Байрон писал о России не только в "Бронзовом веке". В своем прославленном "Дон-Жуане" он говорит о Суворове, что тот превзошел Чингисхана и Тамерлана кровавыми аппетитами. Об этом также сообщает Вацлав Ледницкий, постаравшийся не упустить ни одной мелочи в своей коллекции антирусских западных высказываний. Странно только, как это он, при его дотошности, позабыл привести в ней знаменитый отзыв английского поэта об императрице Екатерине II. Говоря о турках, Байрон пишет:
Им не давал ни отдыху, ни сроку
Несокрушимый натиск русских сил,
За что льстецы венчанного порока,
Доселе не устали прославлять
Великую монархиню и блядь.
("Дон-Жуан", пер. Татьяны Гнедич)
Остановившись более подробно на творчестве Байрона, Вацлав Ледницкий не забывает и других английских романтиков: в его книге мелькают имена Китса, Вордсворта, Вальтера Скотта. Но все затмевает у него реакция Европы на более поздние события: польское восстание 1830 года и действия России по его усмирению. Яростней всех здесь метала громы французская пресса (которой, добавим от себя, заметно добавляла пылу еще и предвыборная кампания: в июле 1831 года должны были состояться выборы в Палату Депутатов). Уже в декабре 1830 года, когда в самой России еще надеялись на мирный исход, она полна зловещих предчувствий: "кровь потечет потоками", пишет официозная "Journal des Debats". Восставшим полякам сразу же выражается горячее сочувствие, их даже называют "братьями по оружию" (очевидно, припоминая наполеоновскую кампанию). В дальнейшем эти демонстрации симпатии появляются чаще, а тон их делается все грознее и грознее. "Le Courrier Francais" в июле уже пишет "Nicolas tremble sur son tron" ("Николай трепещет на своем троне"). Все без исключения французские газеты подробно информируют читающую публику о ходе событий на русско-польском фронте, причем их публикации всегда благожелательны к полякам и полны злорадного сарказма по отношению к русским. "Французская газета того времени", говорит Ледницкий, "производит впечатление скорее польской газеты, переведенной на французский язык".
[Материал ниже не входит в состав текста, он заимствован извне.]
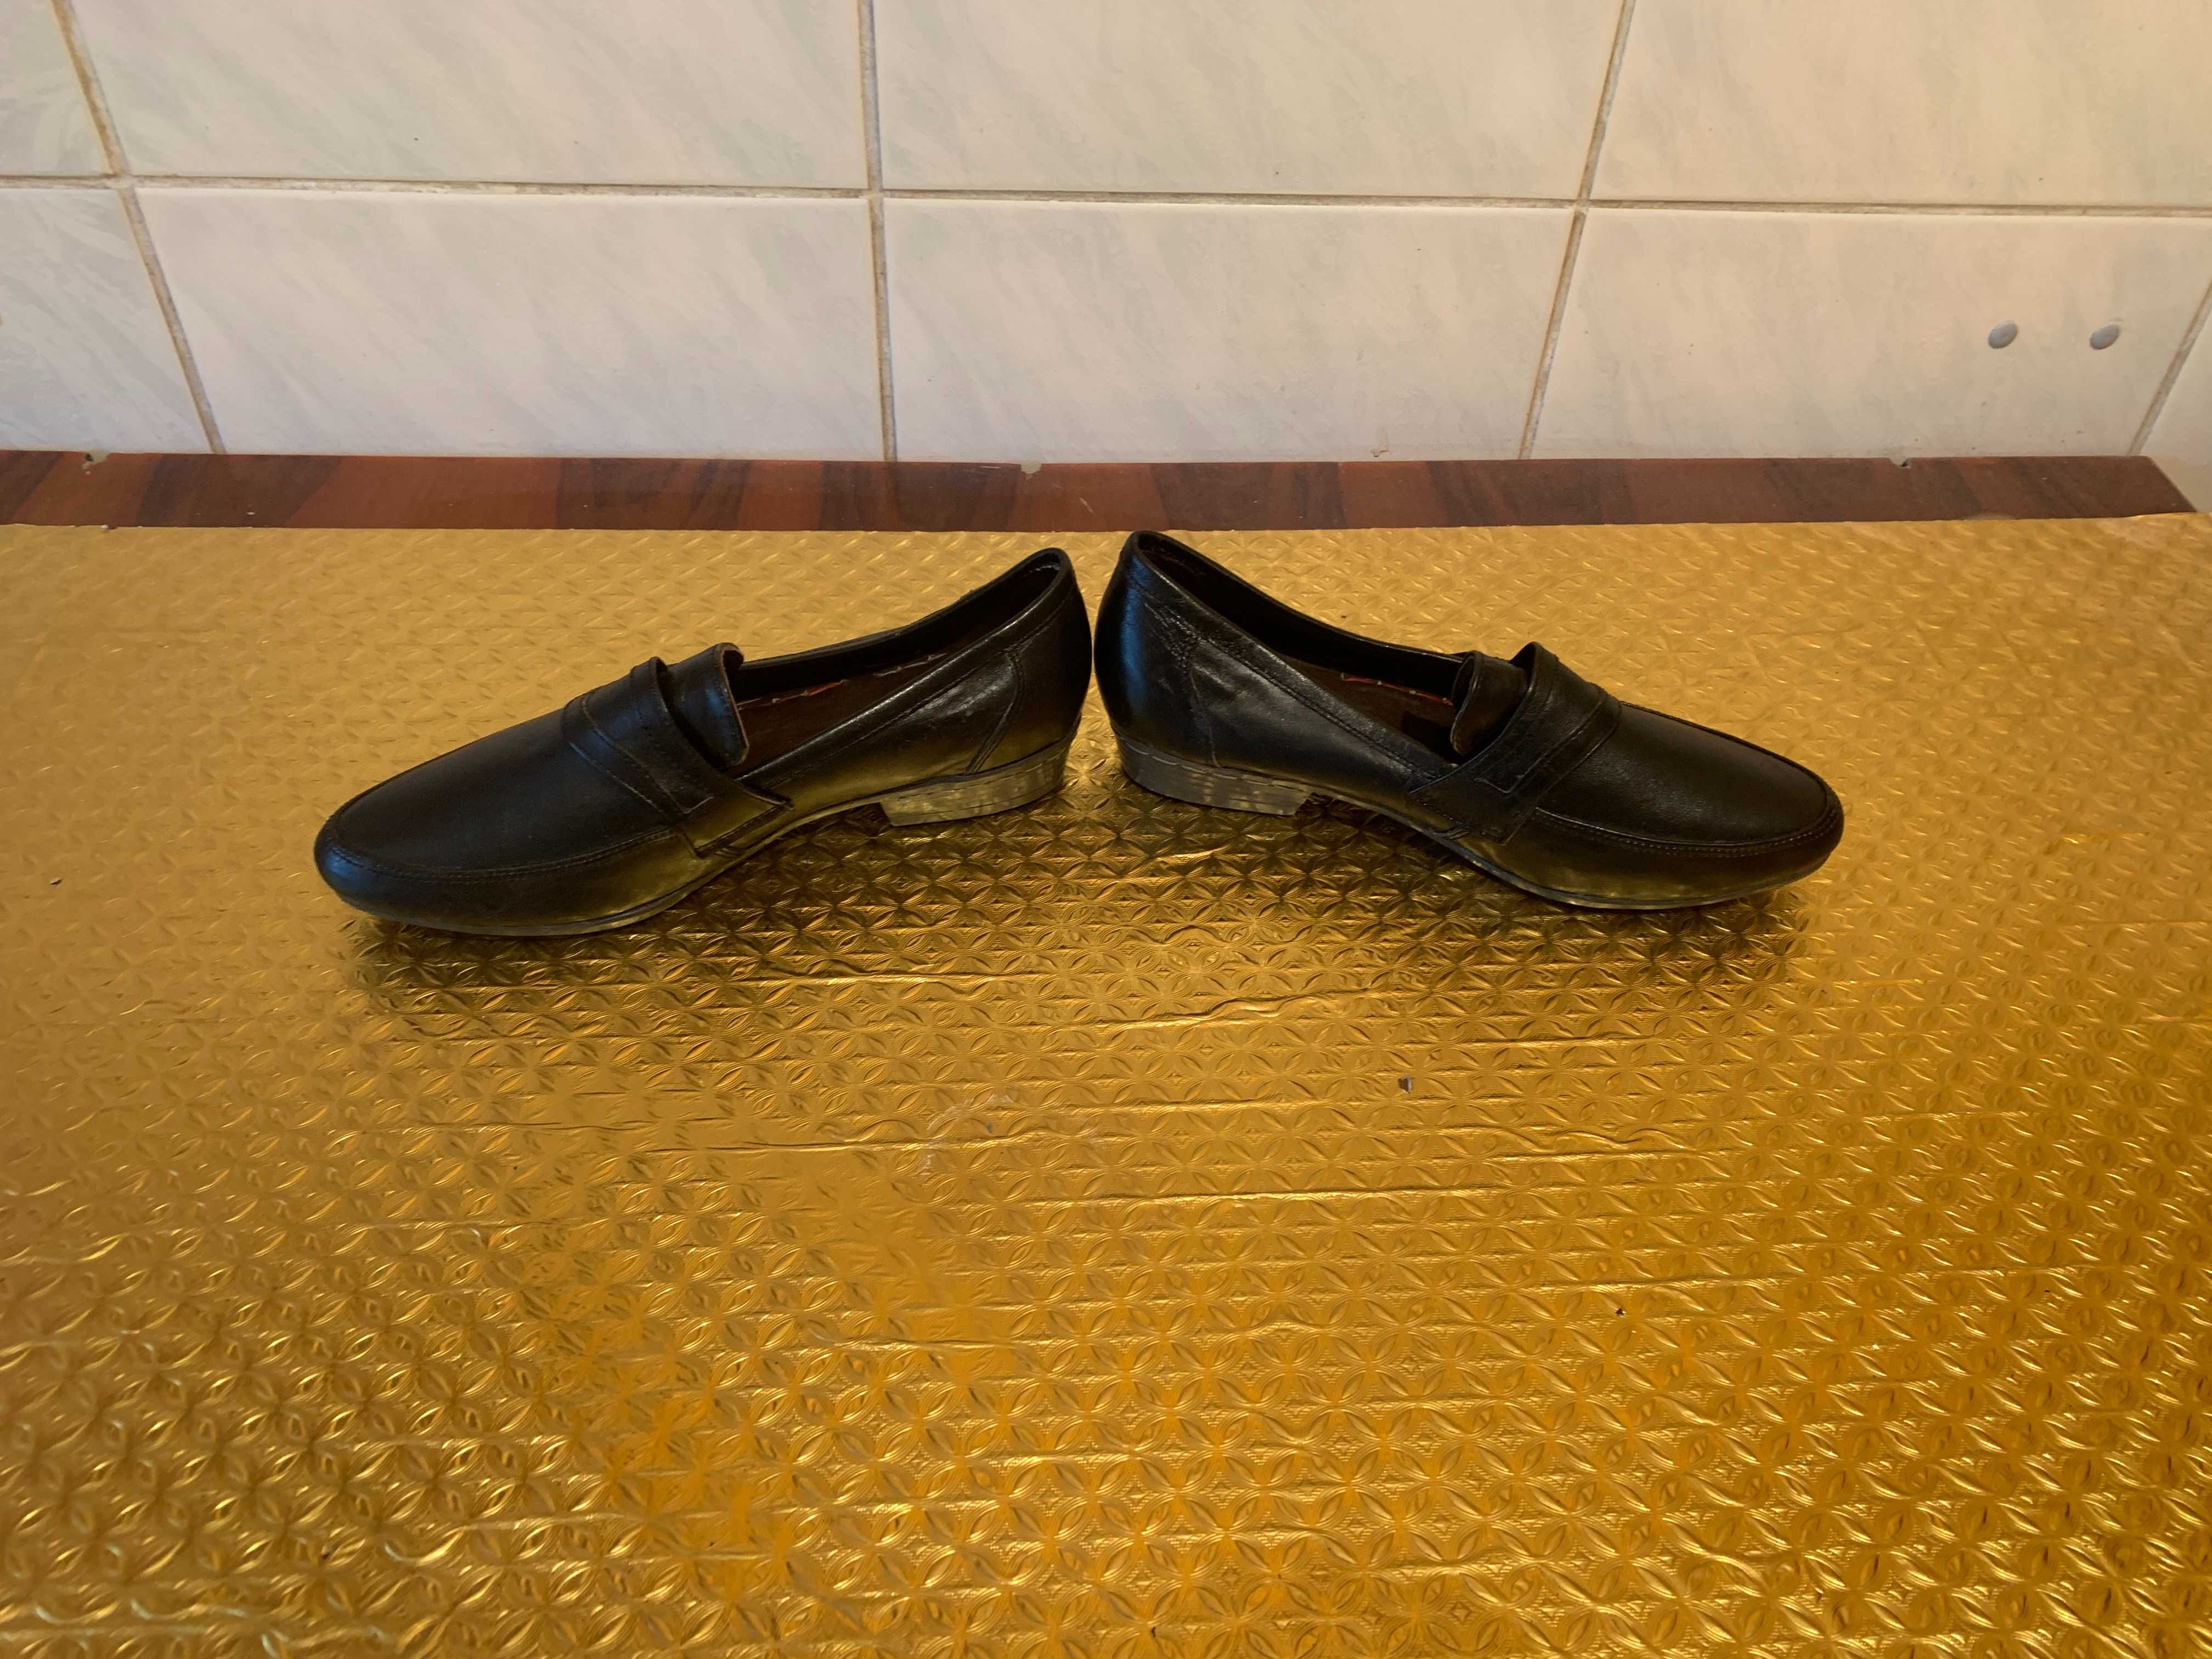 Продам туфли мужские из натуральной кожи чер. цвета (сделано в Турции)

Вскоре после начала восстания в Париже был образован особый Польский Комитет, президентом которого стал ген. Лафайет. В январе 1831 года в "Revue Encyclopedique" появилось воззвание этого Комитета, последние строки которого, возможно, отозвались потом в стихотворении Пушкина "Бородинская годовщина" ("Еще ли росс больной, расслабленный колосс?" - Пушкин выделил эти слова, как бы цитируя что-то). Вот это обращение к полякам: "Где же эта колоссальная мощь, которая собирается вас уничтожить? Все колышется и сотрясается вокруг нее: земля дрожит под ее ногами". Поэты тогда не отставали от политиков. Чуть позже в том же "Revue Encyclopedique" были опубликованы две поэмы М. А. Жюльена, в которых Россия именуется варварским тираном, бичом-опустошителем ("fleau devastateur") и министром смерти. Польское восстание там названо "святым делом, делом всей цивилизованной Европы, и особенно Франции".
В феврале в Париже прошла торжественная панихида по Костюшке, которую отслужили с большой помпой. После проповеди Беранже и Делавинь читали свои поэмы, специально написанные к этому знаменательному дню. В обличениях русских там не было недостатка, так же как и в предсказаниях скорого и неизбежного возрождения Польши. Позже состоялись и другие собрания по этому поводу. Страсти накалялись все сильнее; польские симпатии уже не ограничивались одним только узким кругом официальных "друзей Польши". Ни о чем другом, кроме как о польском восстании, и не говорили на многочисленных банкетах, политических ассамблеях и в светских салонах. Дело дошло и до уличных шествий; когда 9 марта разнесся слух о падении Варшавы (ложный, как впоследствии выяснилось), в Париже развернулась грандиозная демонстрация. Толпа окружила русское посольство с криками: "Vive la Pologne! Vivent les Polonais! Guerre a la Russie!" ("Да здравствует Польша! Да здравствуют поляки! Война России!"). Послышались ружейные выстрелы, в стекла полетели камни. Эти демонстрации повторялись и позднее; наконец они достигли такого размаха, что Николай, несколько озадаченный тем, что бунт происходит не только в Варшаве, но и в Париже, не без остроумия стал называть французов "les polonais de Paris".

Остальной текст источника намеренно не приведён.